12:01 AM
The agreement to carry out the health reform of the National Government is staggering. Although two weeks ago the Conservative and La U parties agreed on 20 points with the Executive to support it, this Wednesday the former president and sole leader of the Liberal Party, César Gaviria, revived his criticism of the project, both in substance and in the process, for what that left the controversial initiative without significant support. He left her in intensive care.
Not yet having the support of the former president means for the Executive to have once morest the father of the current health system and who has at his command a political capital of 33 representatives and 13 senators in Congress, key pieces not only for the reform of the health, but for all that will be presented by President Gustavo Petro.
The project is so lost that, five weeks following it was filed in Congress, there has still been no presentation in the Seventh Commission of the Chamber, in charge of studying it.
“Convincing the Government to let us process the part in which we agree and to wait and work, for a few months, on the part in which we are not, is not going to be easy. That is why we are looking at what we do because the system does need a little bit of certainty,” said the former president at an event at the Universidad del Rosario.
Meanwhile, inside the red awnings the atmosphere is one of suspicion in the face of government articles, as well as the agreements reached by Petro and the directors of the Conservative and La U parties.
A source close to the Liberals and Gaviria told EL COLOMBIANO that there is an environment to find agreements, but that in a large part of the reform there is not yet and that, for this reason, the technical commissions of that group and the ministries of Health and Treasury continue to meet.
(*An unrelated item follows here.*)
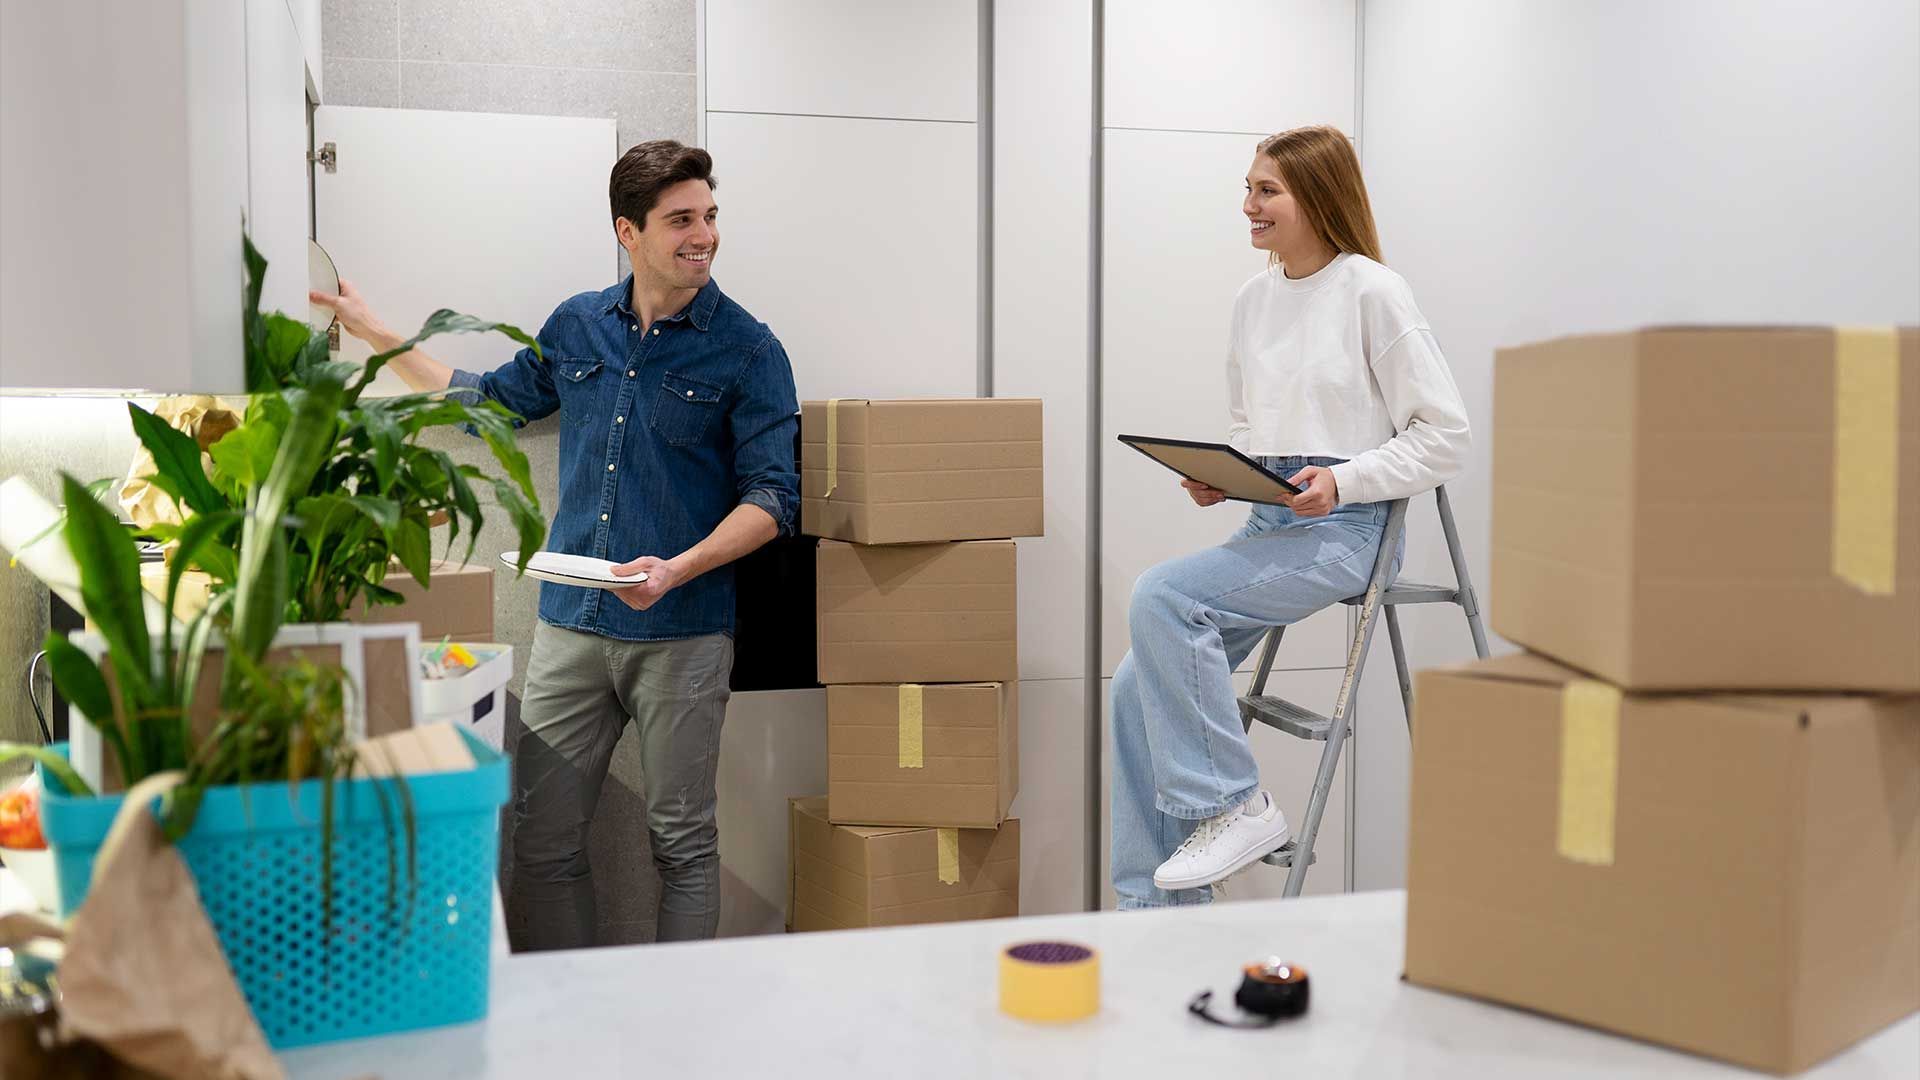 employee relocation services

However, he warned that if it does not advance, the Liberal will file its own project as statutory law.
In fact, the nature of the project is another of the points of disagreement because the ex-president has warned the Government that if they process the reform as an ordinary law, the Constitutional Court might knock it down, if it is approved in Congress.
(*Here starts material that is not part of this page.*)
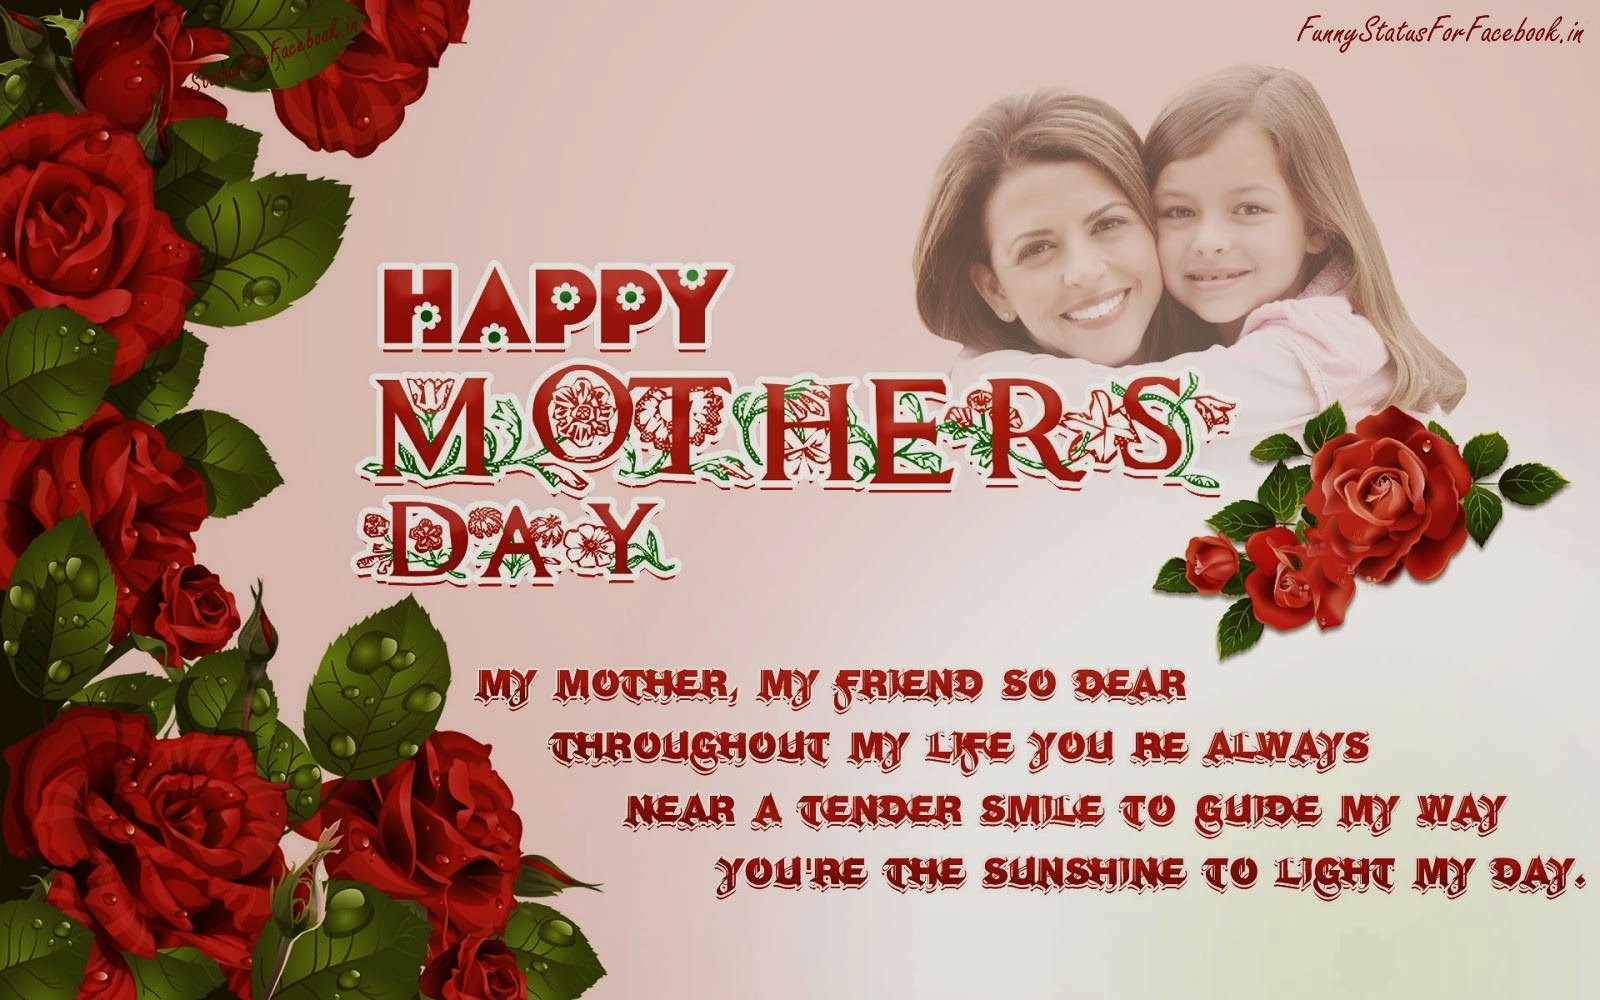 My Mother my friend so dear Throughout my life you re always near A

Likewise, Gaviria urgently asked the Executive so that in this legislature the part of the reform with agreements is approved and that the next part is debated with the most objections.
How does this impact the reform?
For the public health expert and former Bogotá Health Secretary, Luis Gonzalo Morales, this position of the Liberals distances that party from “an approach that seems to me to have things that are worse than the original government text.”
In this sense, Morales explained that, with this counterproposal, the insurers – which would come to be called health and life management companies – “will not be allowed to carry out audits, which is serious because the EPS would have to withdraw from their assets in in the event that the money for spending on health is not enough. How are they going to control the cost and what the hospitals bill?”
Concern to which the former Minister of Health, Fernando Ruiz, has added, who expresses that in this scenario the Government may run out of money, before which “the administrator washes his hands and the Colombians wait for them to give us the services of health or to pay a private insurance so that they take care of our needs”.
On the other hand, he mentioned that the political agreements that the government of Gustavo Petro reached with the conservatives and La U might be “a strategy to show that they might convince the president regarding something, but when they process it in Congress they change it once more. The moment the law is written is where everything will really come to fruition”.
Uribe’s popular consultation
Meanwhile, the former president and head of the Democratic Center, Álvaro Uribe, presented this Wednesday the draft of a possible popular consultation with which he seeks to know the opinion of Colombians regarding the health reform (in addition to the pension and labor) .
The draft consists of three points preceded by the heading “do you agree or disagree with the following questions?”. As for this reform, the consultation asks for “maintaining and improving the current health system with only four reforms in the next ten years” and also asks for emunerations of human talent, preventive medicine, attention to the rural population and the entity that resources should be directed to hospitals and clinics.
Faced with this proposal, the constitutional lawyer, Jaime Castro, pointed out that it would not be “pertinent because we are in the pre-electoral period for the October regional elections, which would greatly politicize the discussion of a reform that must be technical.” And he added that “if they did, parliamentarians are not obliged to follow the result.”
For now, although the political panorama shows that the Government can do without the votes of the Liberal Party to approve the health reform, the truth is that the objections of César Gaviria can undermine the technical confidence in the project. As the former president said: “the minister is not scared of being told that the system can collapse if we take a lot of time.”